Partition Summary: Keeps every 128th key (default) in RAM. It tells Cassandra: “Your key is somewhere between byte 1024 and 2048 in the Index file.” This narrows the scan range significantly.
Key Cache: Caches the exact offset of hot keys in the Index.db, allowing Cassandra to jump straight to the data location without scanning the index.
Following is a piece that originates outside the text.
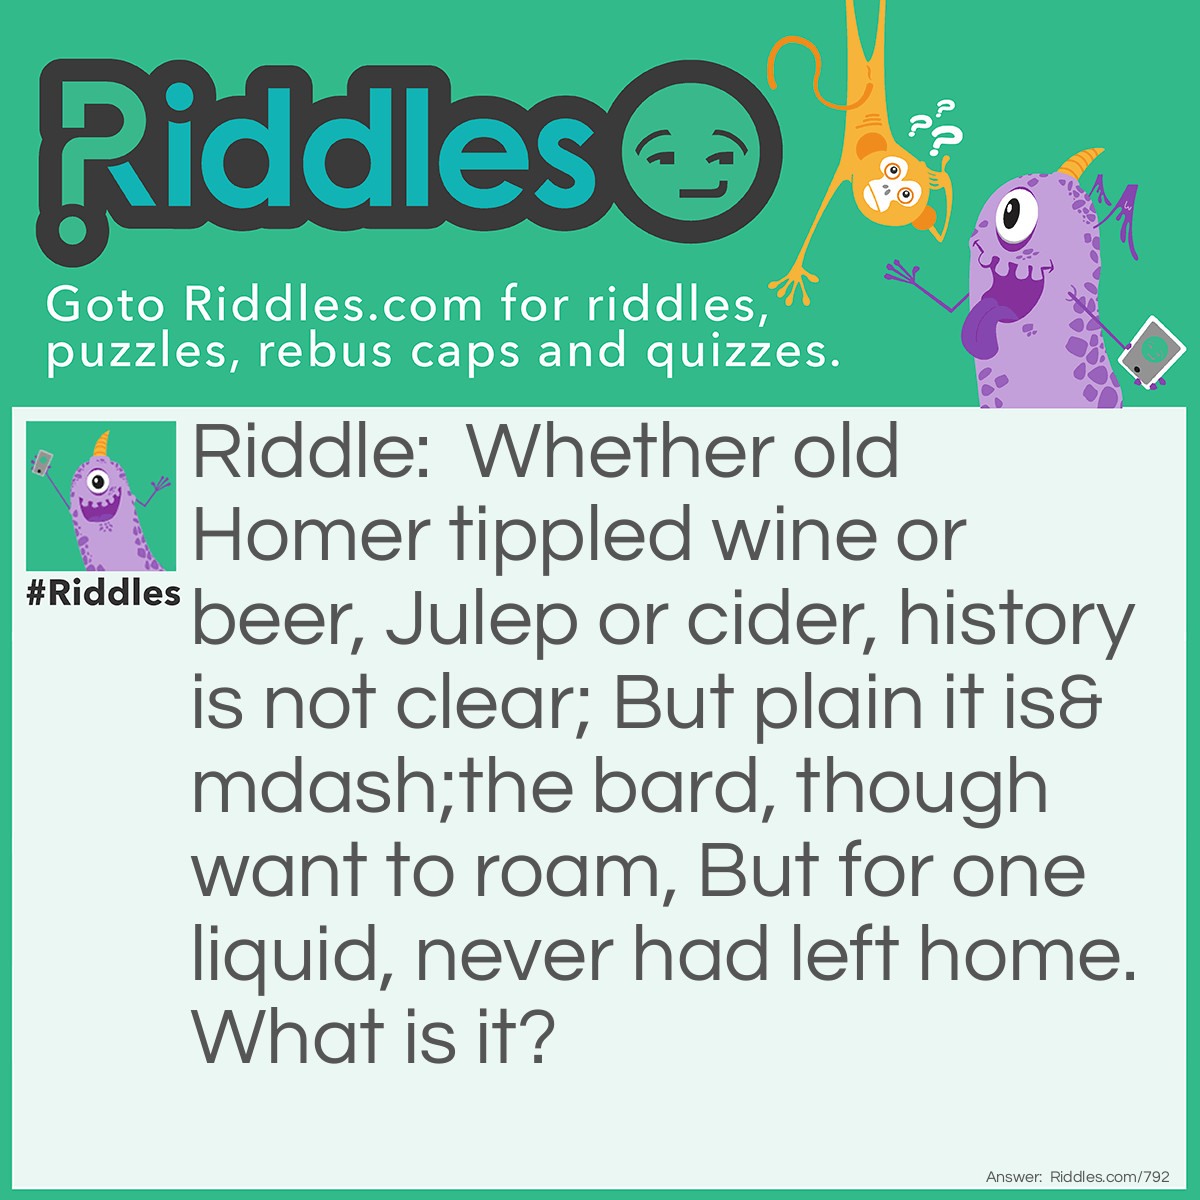 Riddle: Whether old Homer tippled wine or beer, Julep or cider, history is not clear; But plain it is-the bard, though want to roam, But for one liquid, never had left home.
What is it? Answer: The letter R.

Interactive Visualizer: Bloom Filter Calculator

A Bloom Filter uses multiple hash functions to set bits in a bit array. Adjust the size of the bit array and the number of hash functions to see how they affect the False Positive rate.

Bit Array Size (m): 10

Hash Functions (k): 2

Ready

Code Implementation: Bloom Filter

Below is a simplified implementation of a Bloom Filter using BitSet.

import java.util.BitSet;
import java.util.function.Function;

public class SimpleBloomFilter {
    private final BitSet bitSet;
    private final int size;
    private final int hashFunctions;

    public SimpleBloomFilter(int size, int hashFunctions) {
        this.size = size;
        this.hashFunctions = hashFunctions;
        this.bitSet = new BitSet(size);
    }

    public void add(String value) {
        for (int i = 0; i < hashFunctions; i++) {
            bitSet.set(getHash(value, i));
        }
    }

    public boolean mightContain(String value) {
        for (int i = 0; i < hashFunctions; i++) {
            if (!bitSet.get(getHash(value, i))) {
                return false; // Definitely not present
            }
        }
        return true; // Maybe present
    }

    // Simplified hash function simulation
    private int getHash(String value, int seed) {
        return Math.abs((value.hashCode() + seed * 31) % size);
    }

    public static void main(String[] args) {
        SimpleBloomFilter filter = new SimpleBloomFilter(100, 3);

        filter.add("user:123");

        System.out.println("Contains user:123? " + filter.mightContain("user:123")); // true
        System.out.println("Contains user:999? " + filter.mightContain("user:999")); // false (probably)
    }
}

package main

import (
	"fmt"
	"hash/fnv"
	"math"
)

type BloomFilter struct {
	bitSet []bool
	size   uint
	hashes uint
}

func NewBloomFilter(size uint, hashes uint) *BloomFilter {
	return &BloomFilter{
		bitSet: make([]bool, size),
		size:   size,
		hashes: hashes,
	}
}

func (bf *BloomFilter) Add(value string) {
	for i := uint(0); i < bf.hashes; i++ {
		idx := bf.getHash(value, i)
		bf.bitSet[idx] = true
	}
}

func (bf *BloomFilter) MightContain(value string) bool {
	for i := uint(0); i < bf.hashes; i++ {
		idx := bf.getHash(value, i)
		if !bf.bitSet[idx] {
			return false // Definitely not present
		}
	}
	return true // Maybe present
}

// getHash uses FNV hash with a seed variation
func (bf *BloomFilter) getHash(value string, seed uint) uint {
	h := fnv.New32a()
	h.Write([]byte(value))
	hashVal := h.Sum32()
	return uint(math.Abs(float64(hashVal+uint32(seed)*31))) % bf.size
}

func main() {
	filter := NewBloomFilter(100, 3)

	filter.Add("user:123")

	fmt.Printf("Contains user:123? %v\n", filter.MightContain("user:123"))
	fmt.Printf("Contains user:999? %v\n", filter.MightContain("user:999"))
}

Summary

Reads are complex but optimized to minimize disk I/O.
Bloom Filters are the first line of defense, filtering out SSTables that definitely don’t have the data.
SSTables contain multiple components (Index, Summary, Filter) to speed up lookups.
False Positives in Bloom Filters are acceptable because they only cost a disk seek, whereas False Negatives are impossible (ensuring correctness).